Records provided -
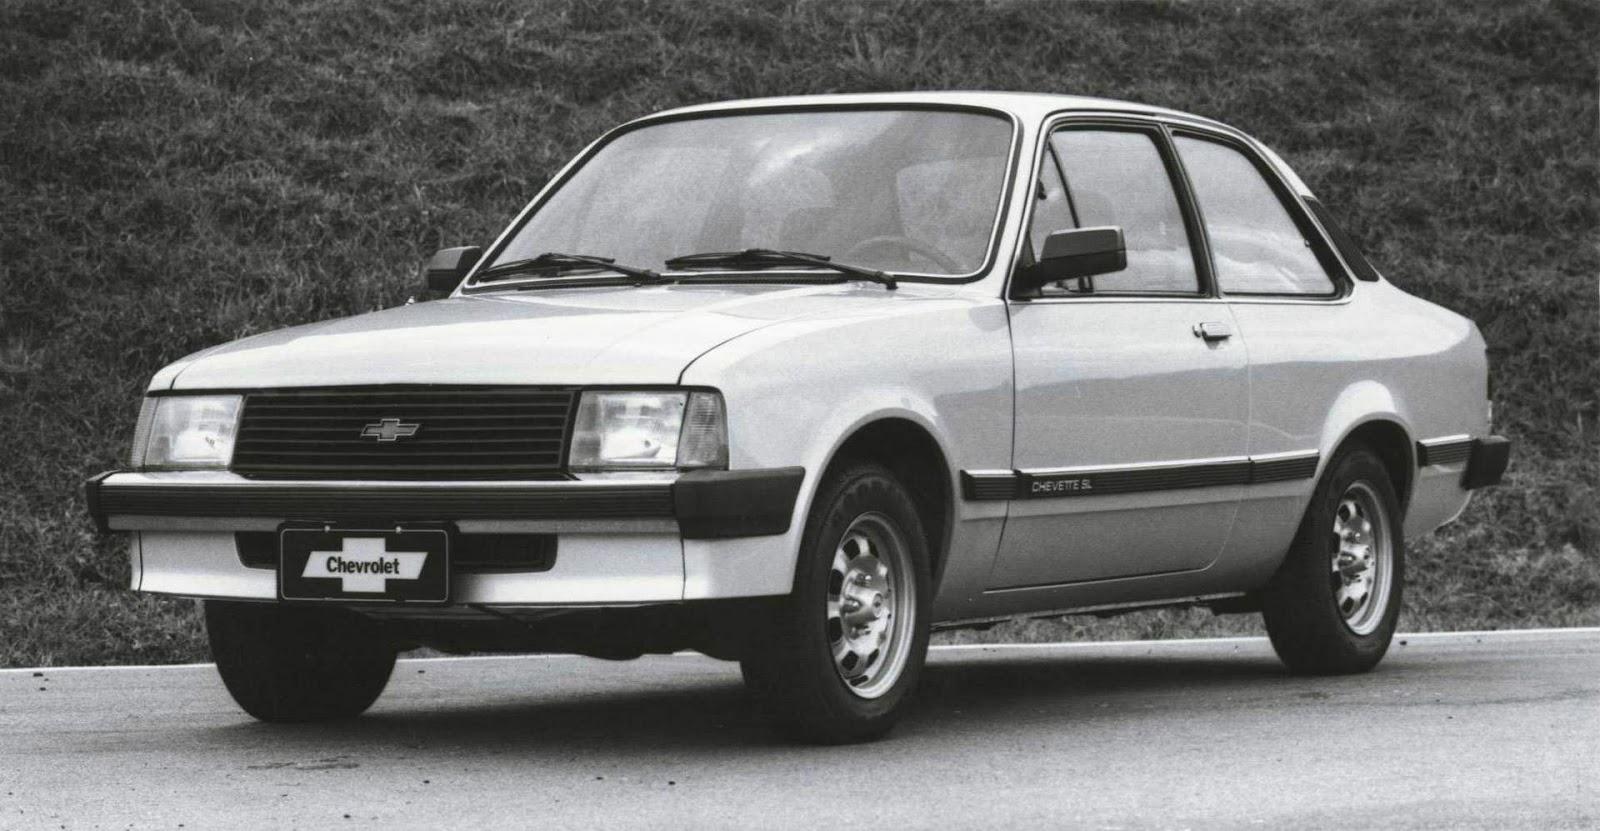 Chevrolet j vendeu 15 milh es de ve culos no brasil car for Chevette 4 portas
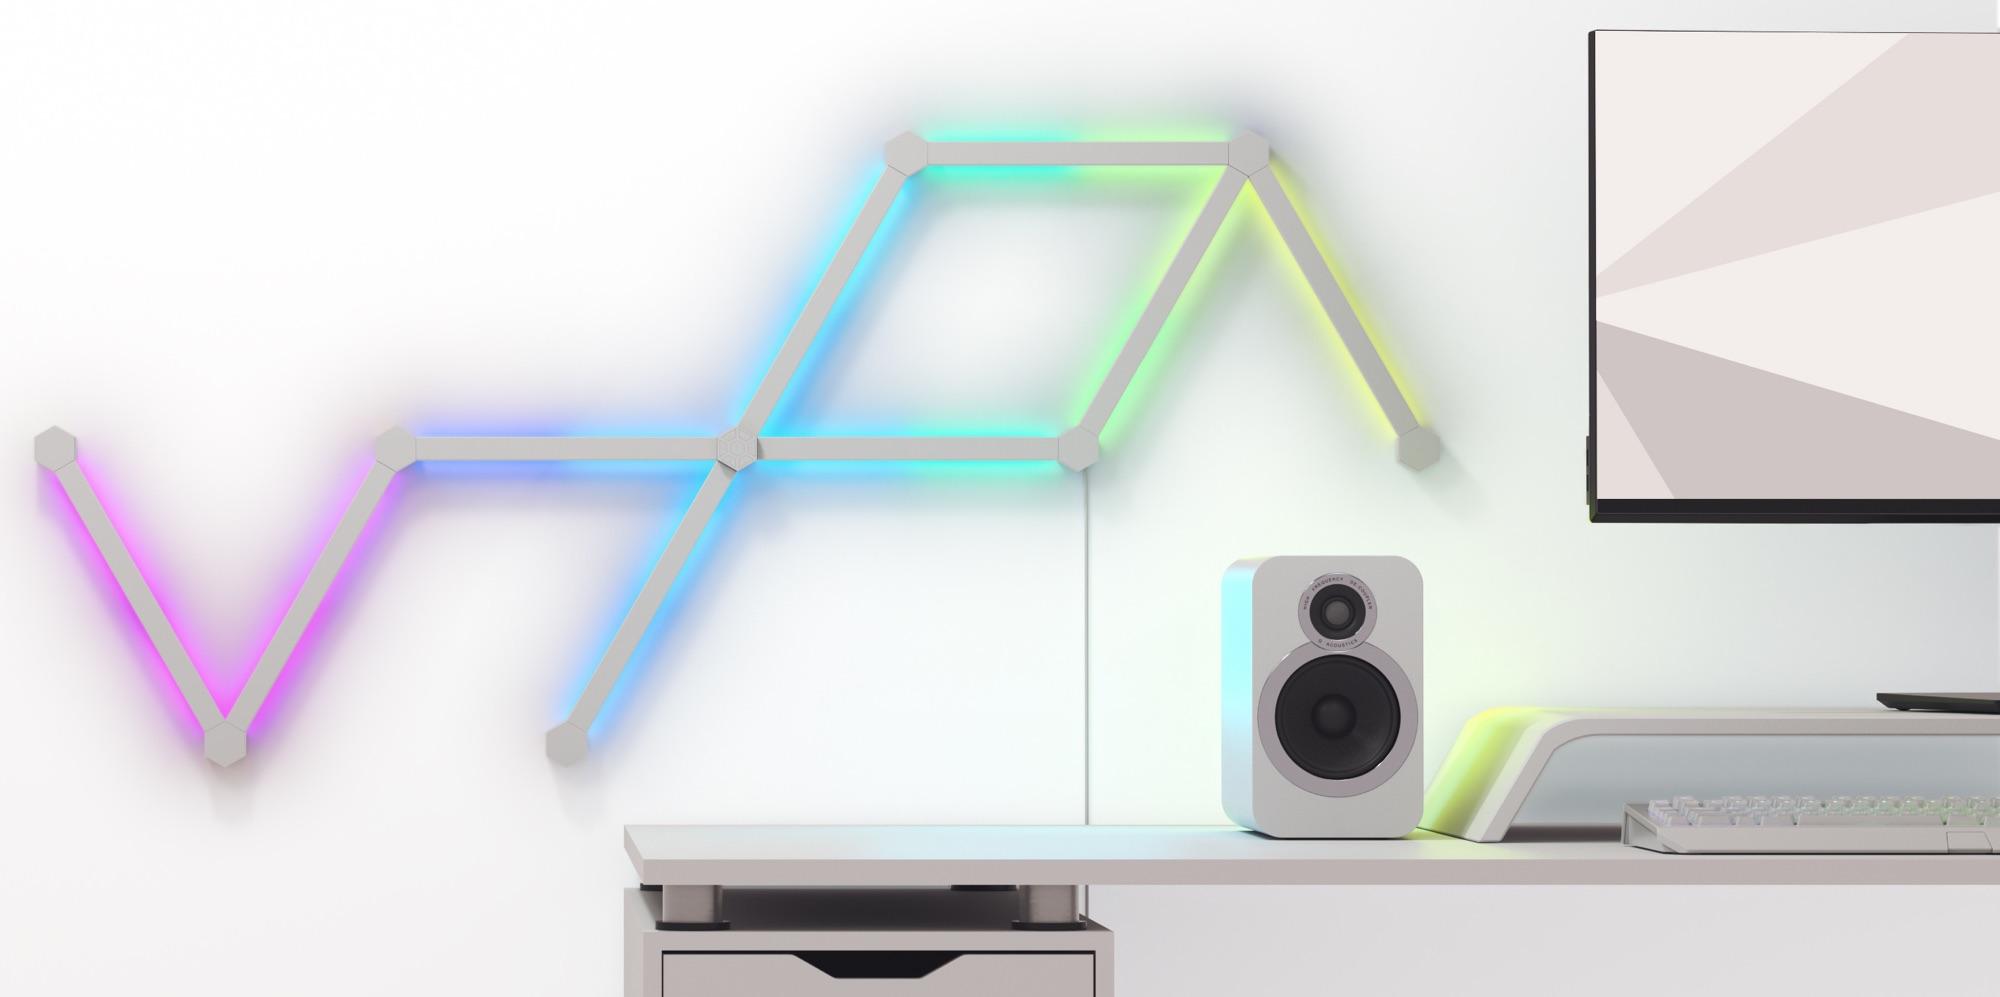 Nanoleaf Launches HomeKit-Enabled 'Lines' LED Light Bars
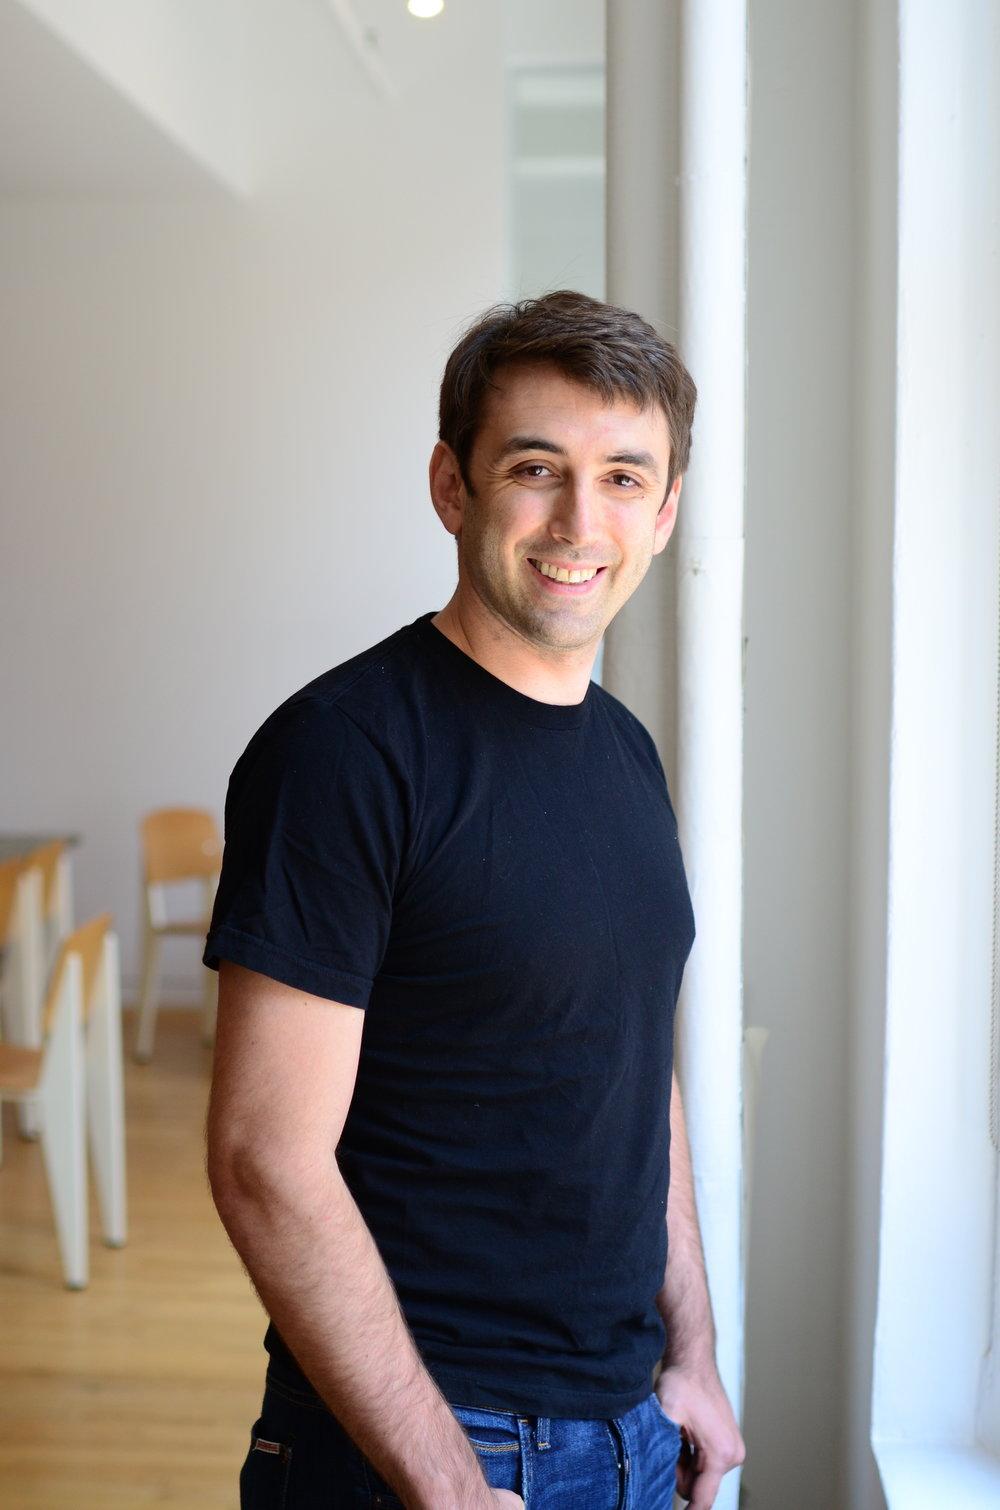 Jake Schwartz, General Assembly
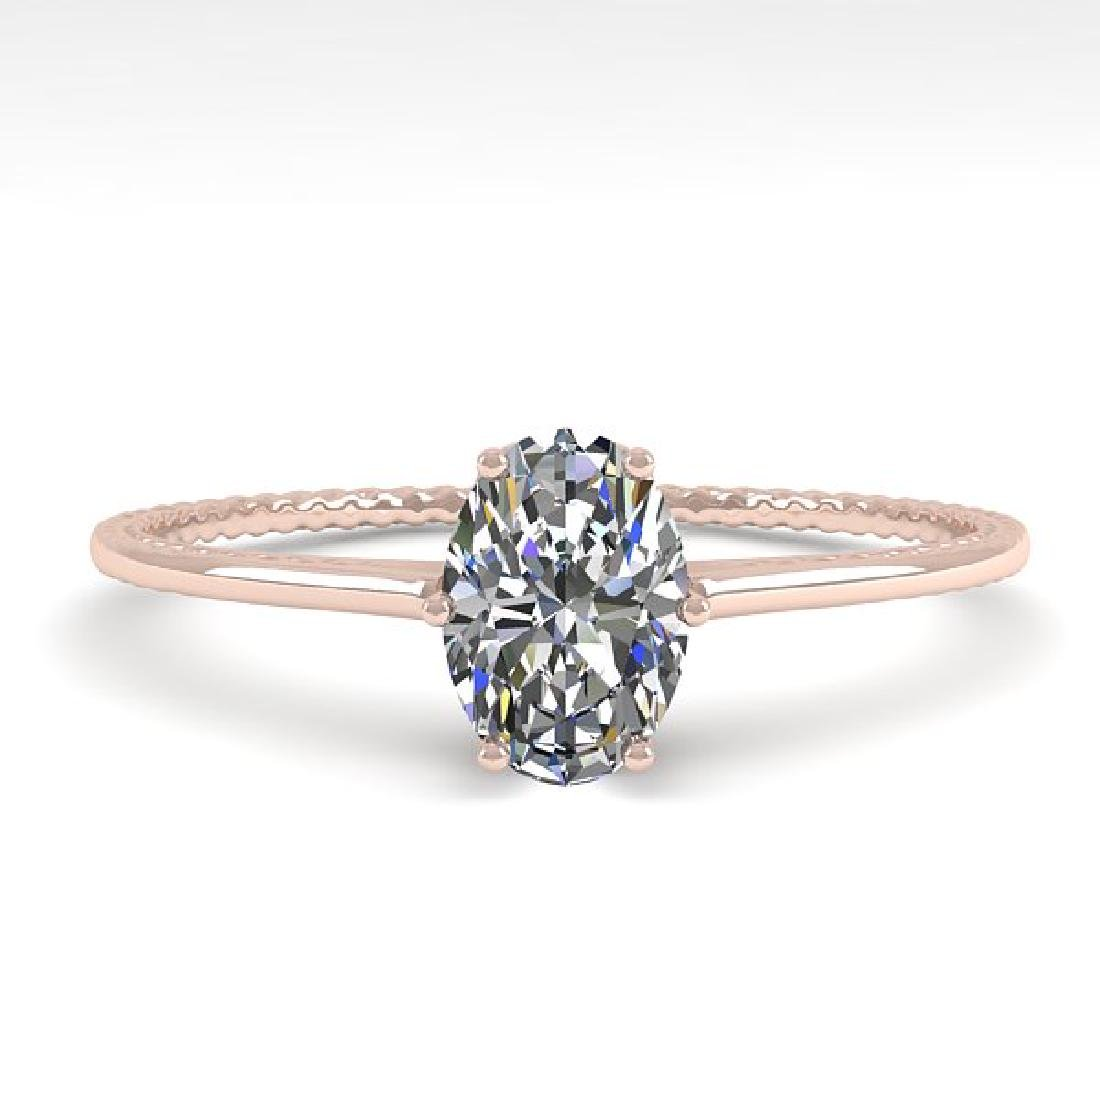 1.0 CTW VS/SI Oval Cut Diamond Art Deco Ring 14K Rose
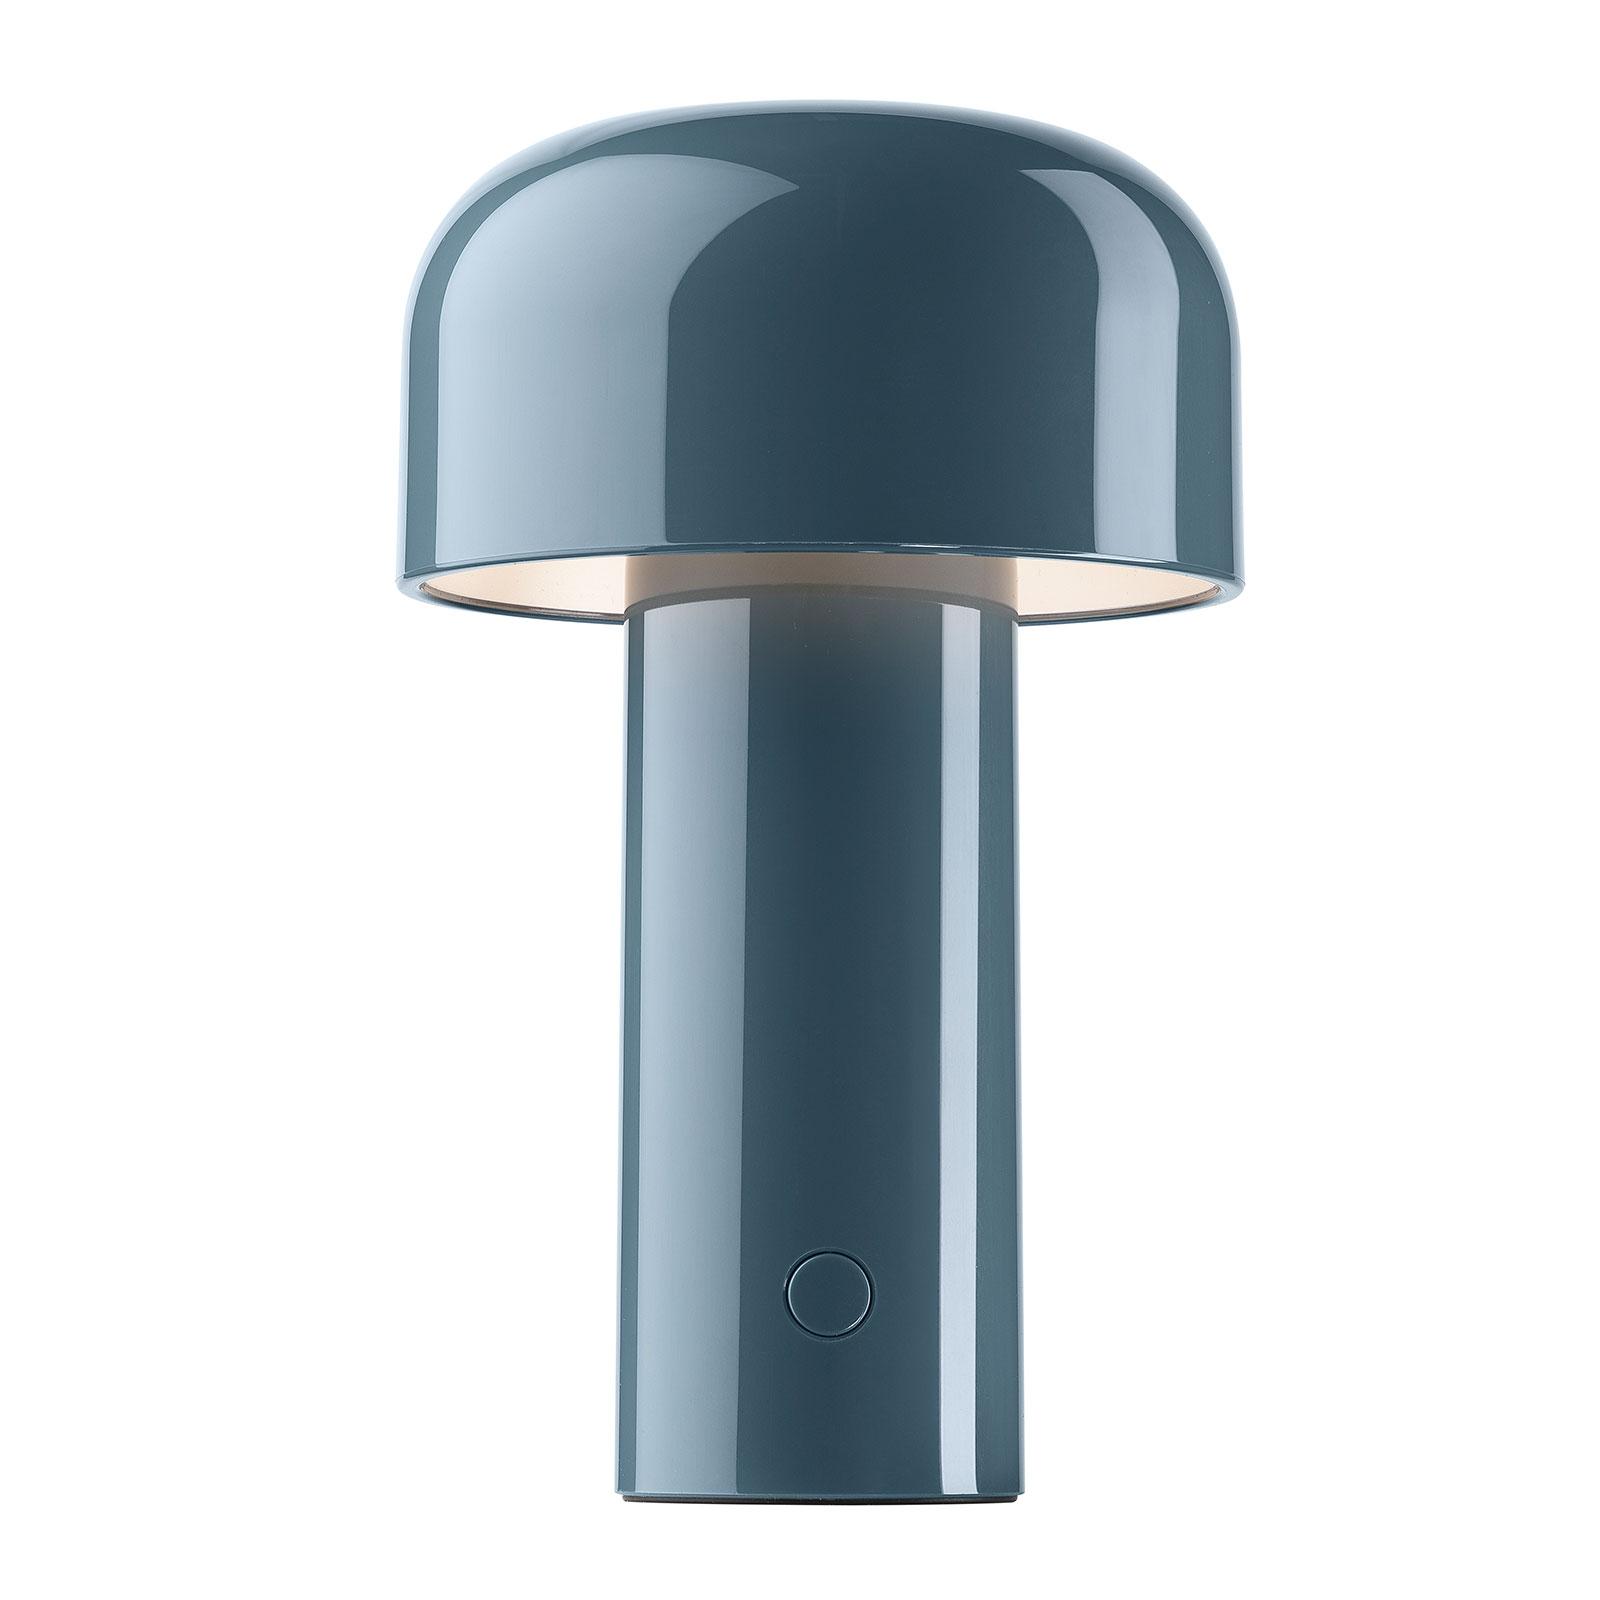 FLOS Bellhop ładowana lampa stołowa LED, niebieska

Required work - Pictures excluded, set down all the entries exactly.

Written response -
 Chevrolet j vendeu 15 milh es de ve culos no brasil car for Chevette 4 portas
 Nanoleaf Launches HomeKit-Enabled 'Lines' LED Light Bars
 Jake Schwartz, General Assembly
 1.0 CTW VS/SI Oval Cut Diamond Art Deco Ring 14K Rose
 FLOS Bellhop ładowana lampa stołowa LED, niebieska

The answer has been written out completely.